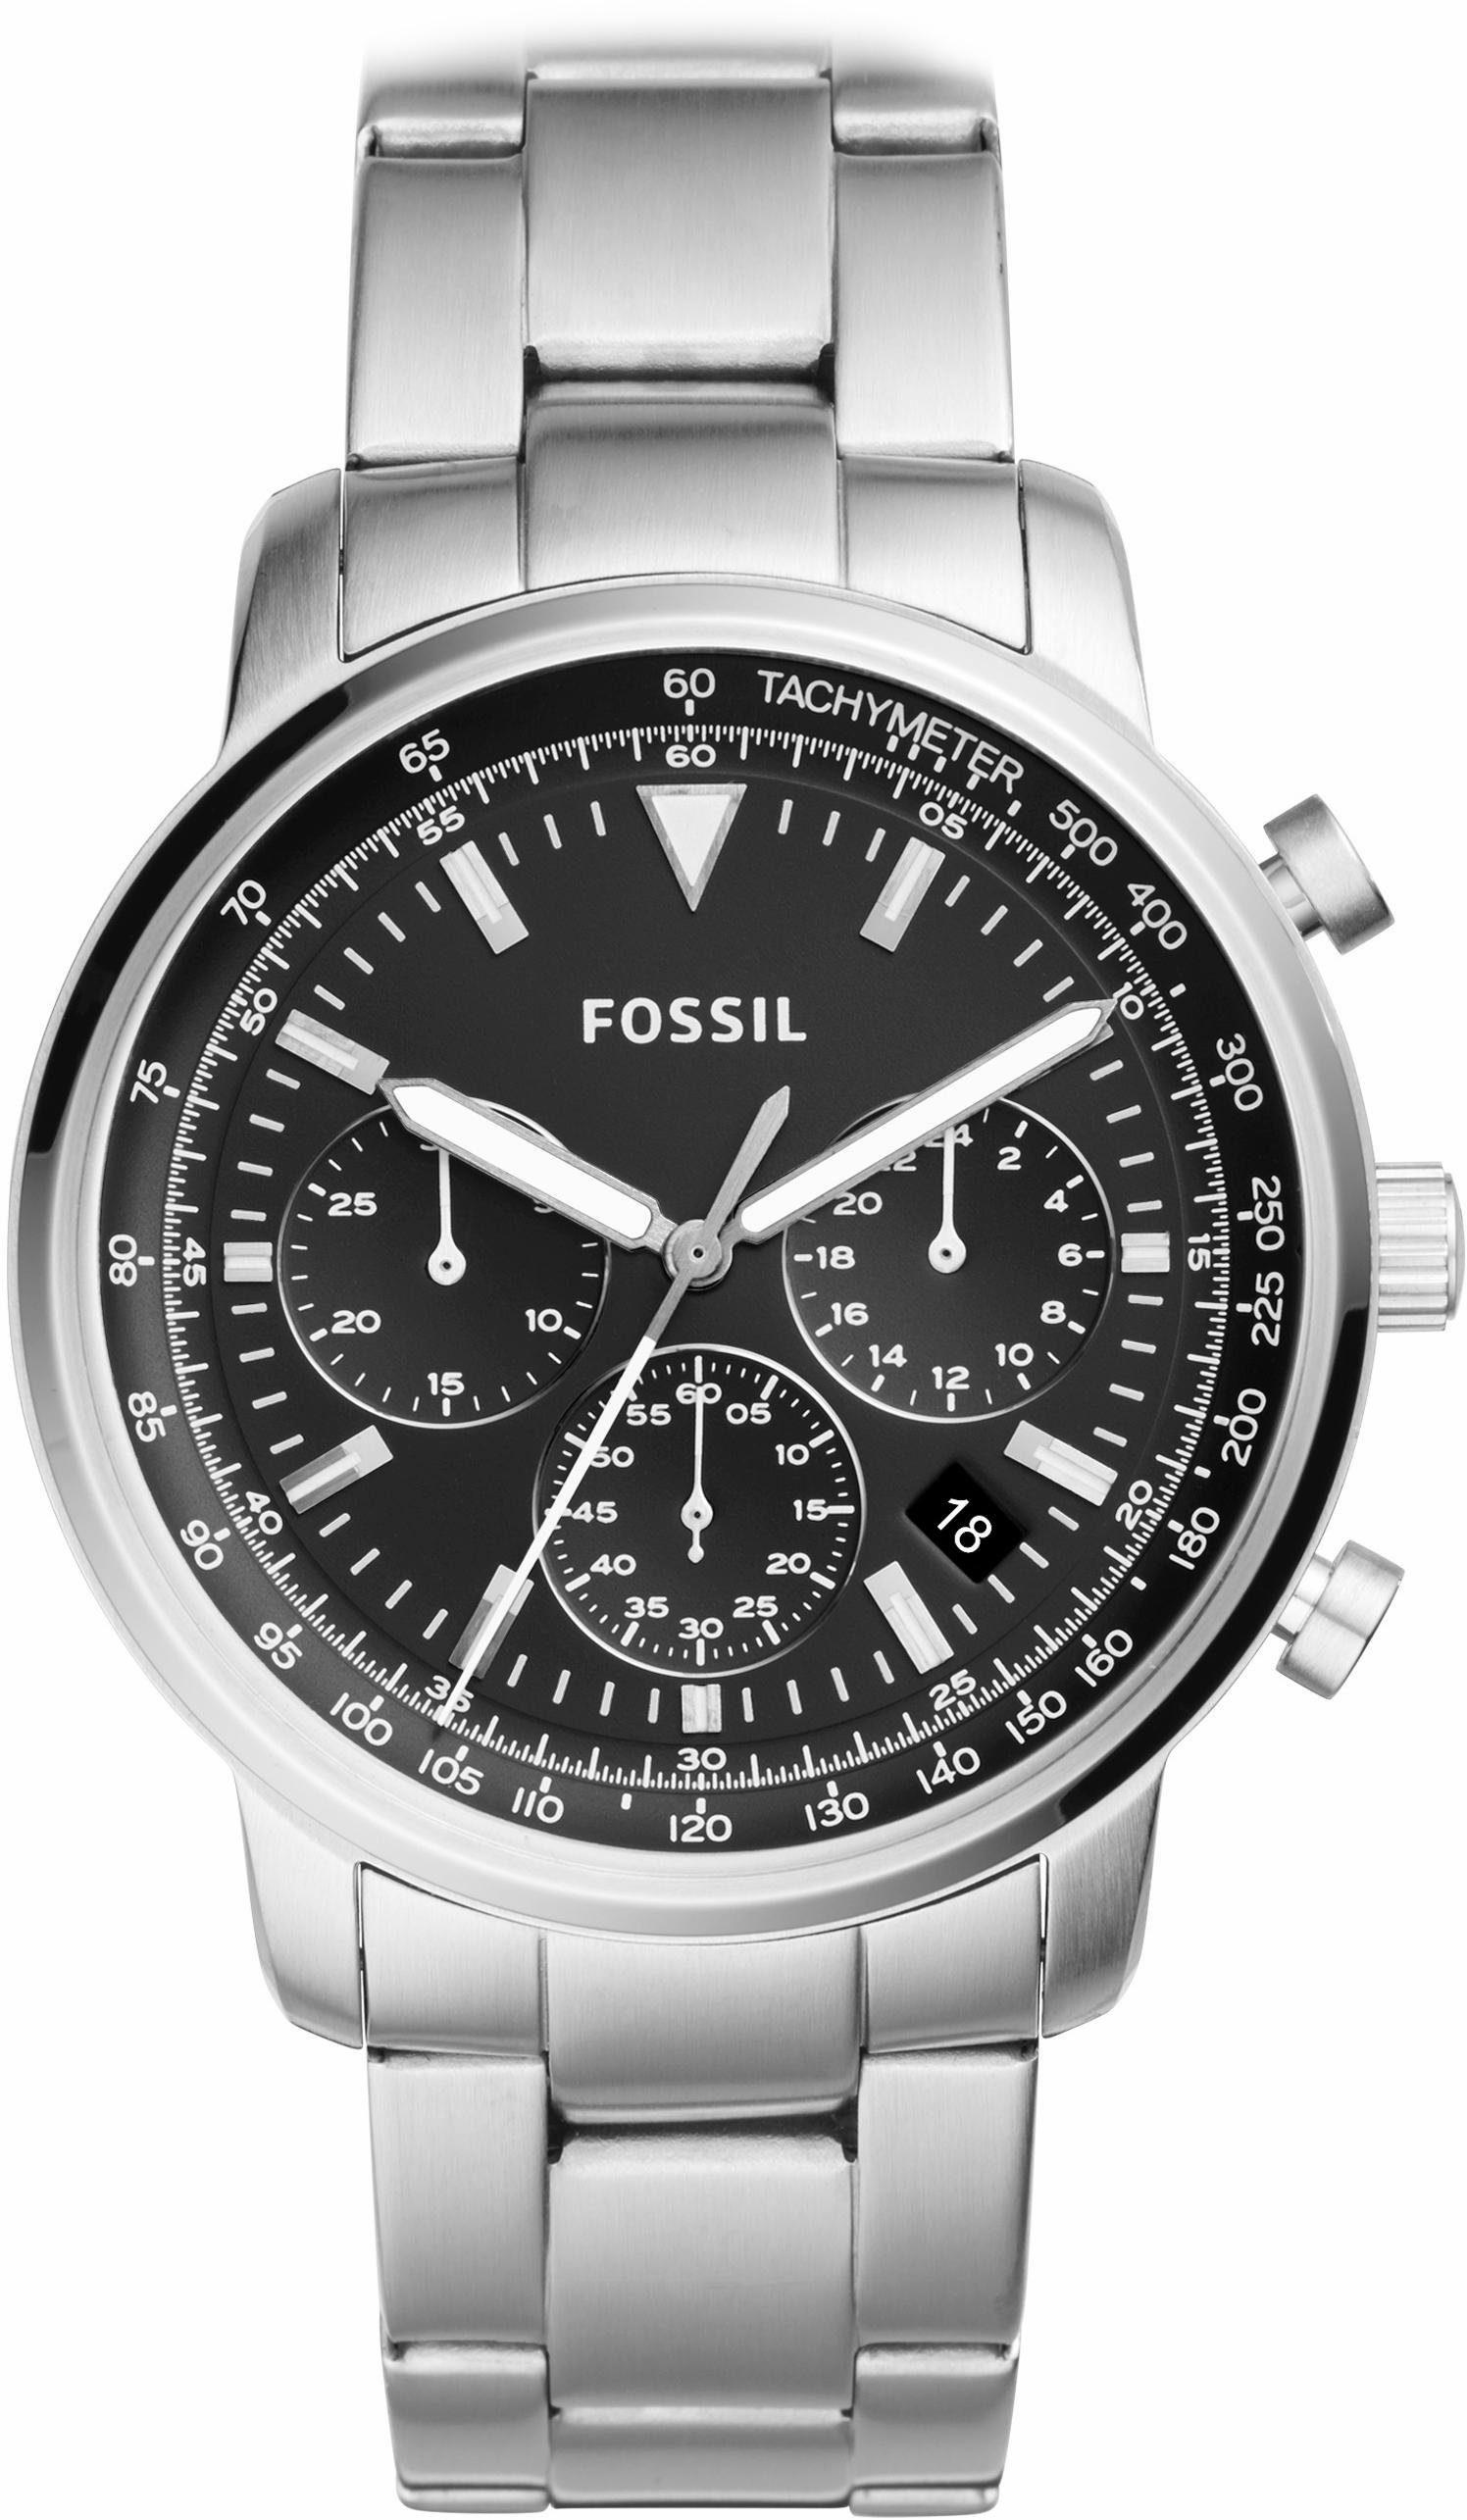 Fossil Chronograph »GOODWIN CHRONO, FS5412«
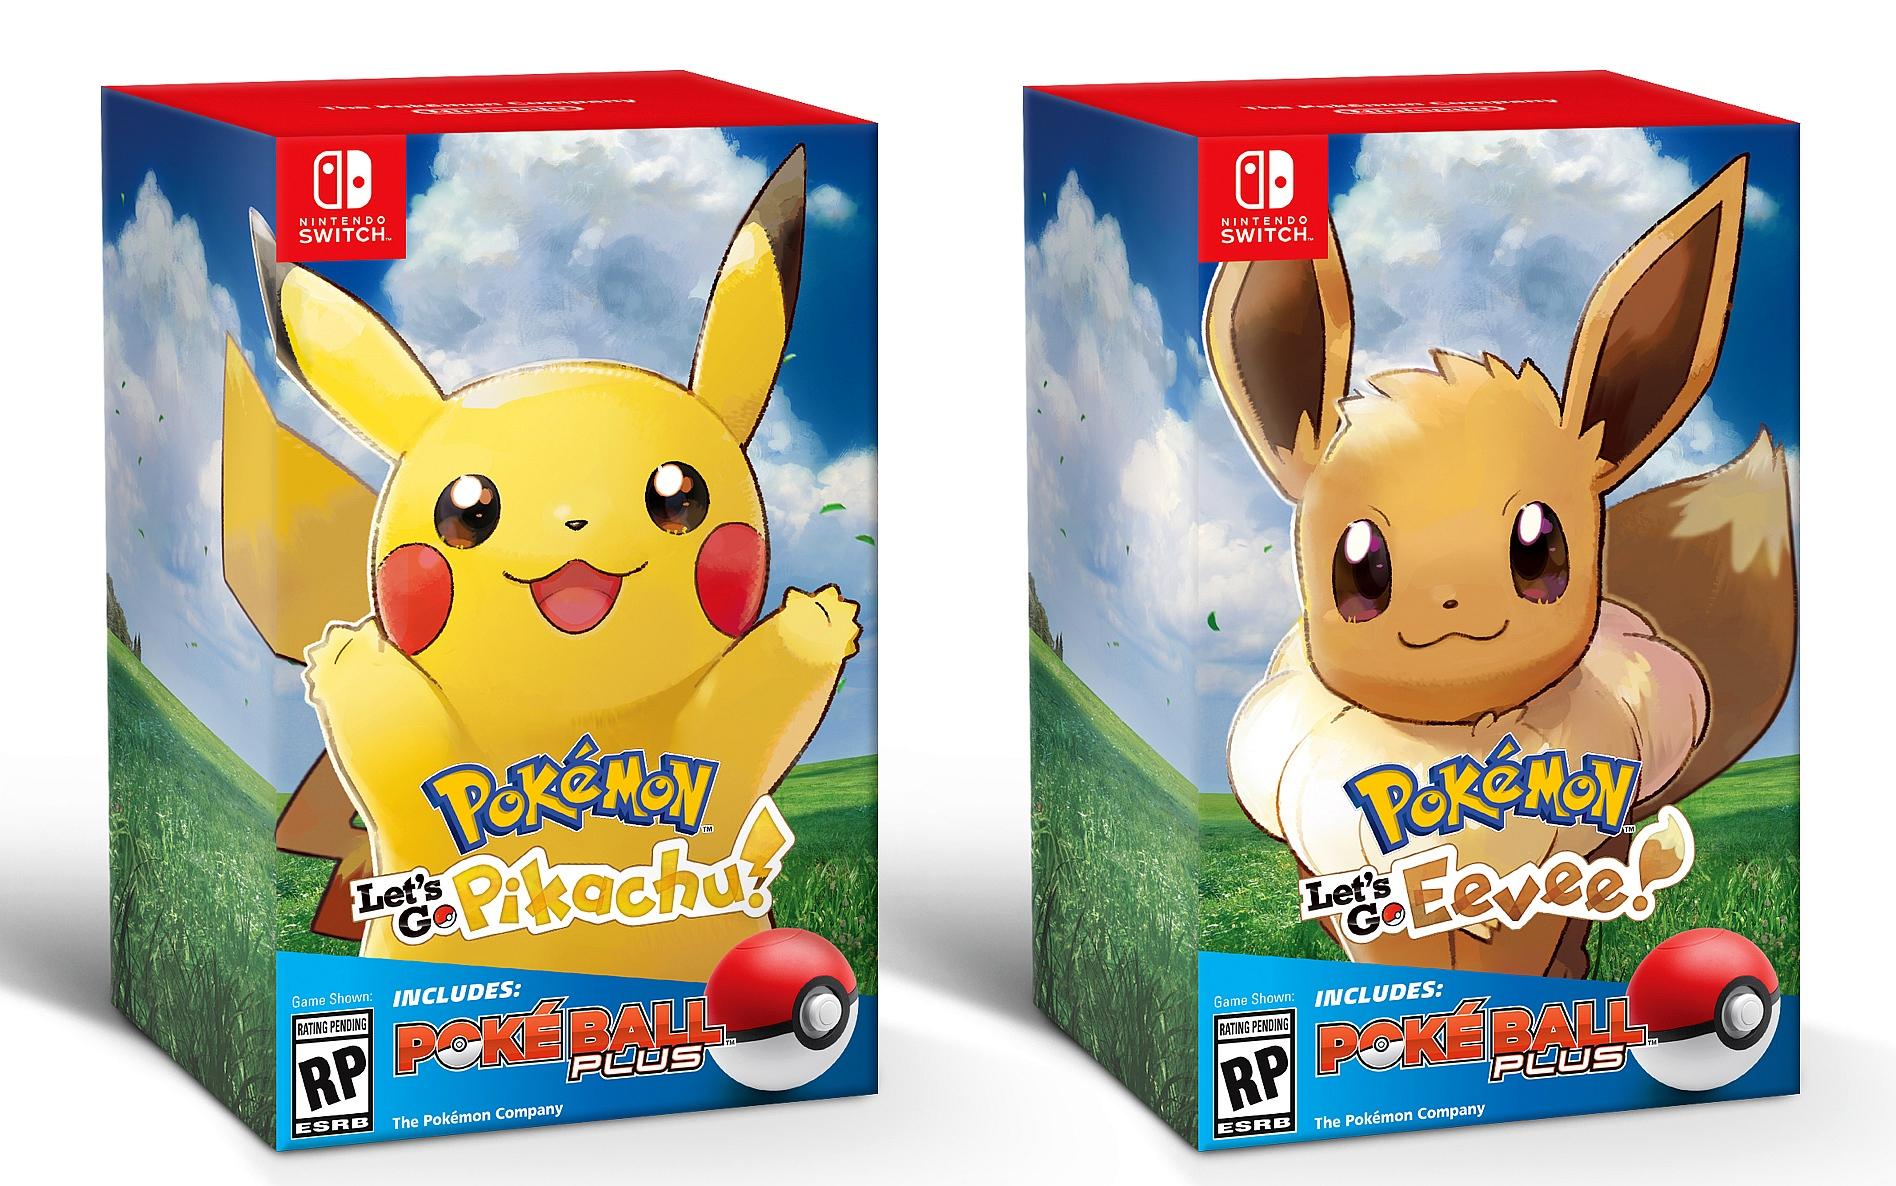 Nintendo_PokemonLetsGoPikachuPokeBallPlusPack 1
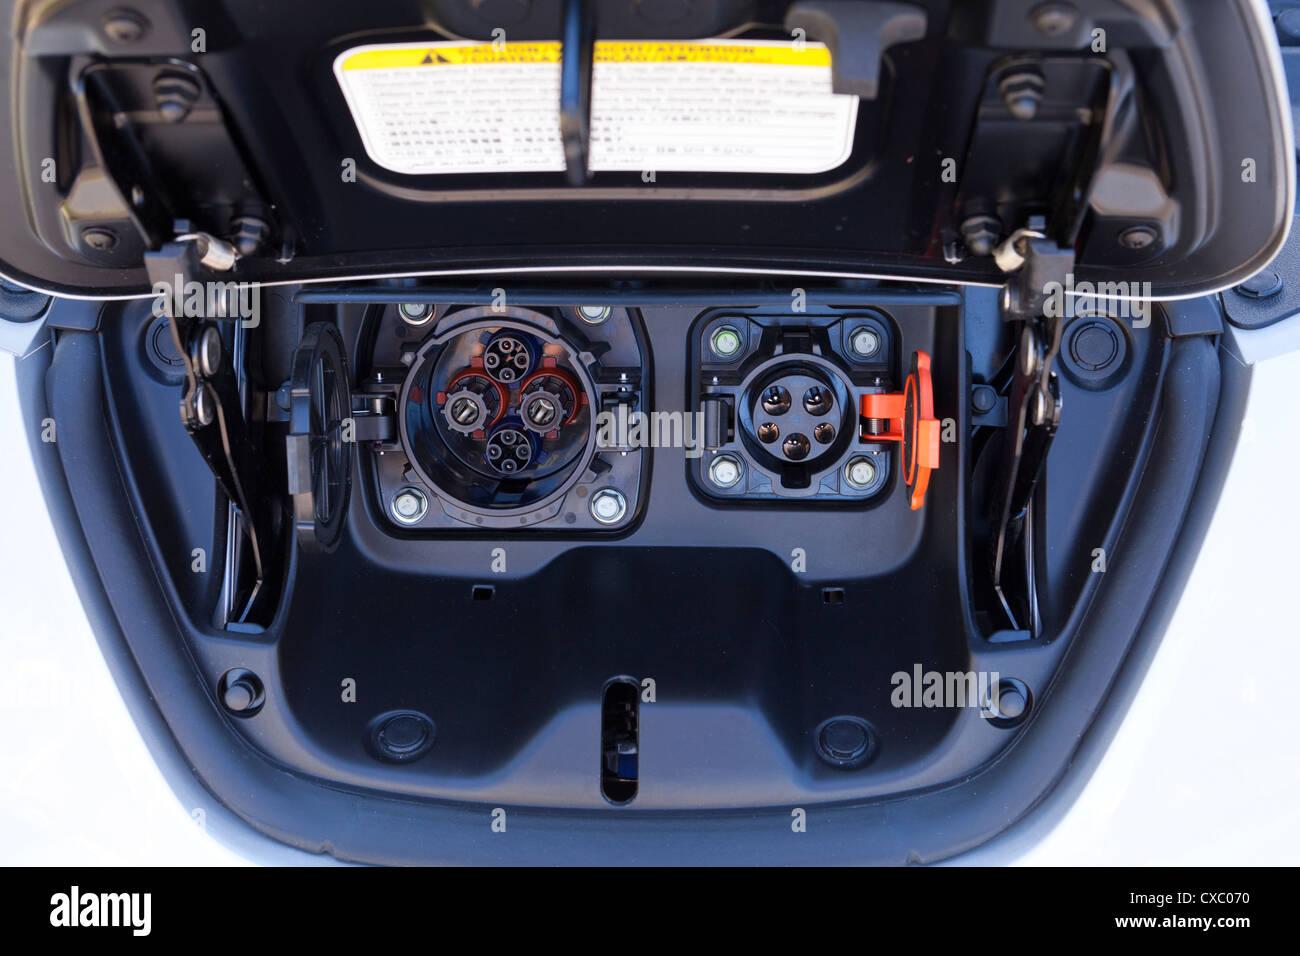 Nissan LEAF electric car power plug - Stock Image

> GOAL OF THE EXERCISE:
Give back the entire listing verbatim, without the pictures.

> SOLUTION BELOW:
 Fossil Chronograph »GOODWIN CHRONO, FS5412«
 Nintendo_PokemonLetsGoPikachuPokeBallPlusPack 1
 Nissan LEAF electric car power plug - Stock Image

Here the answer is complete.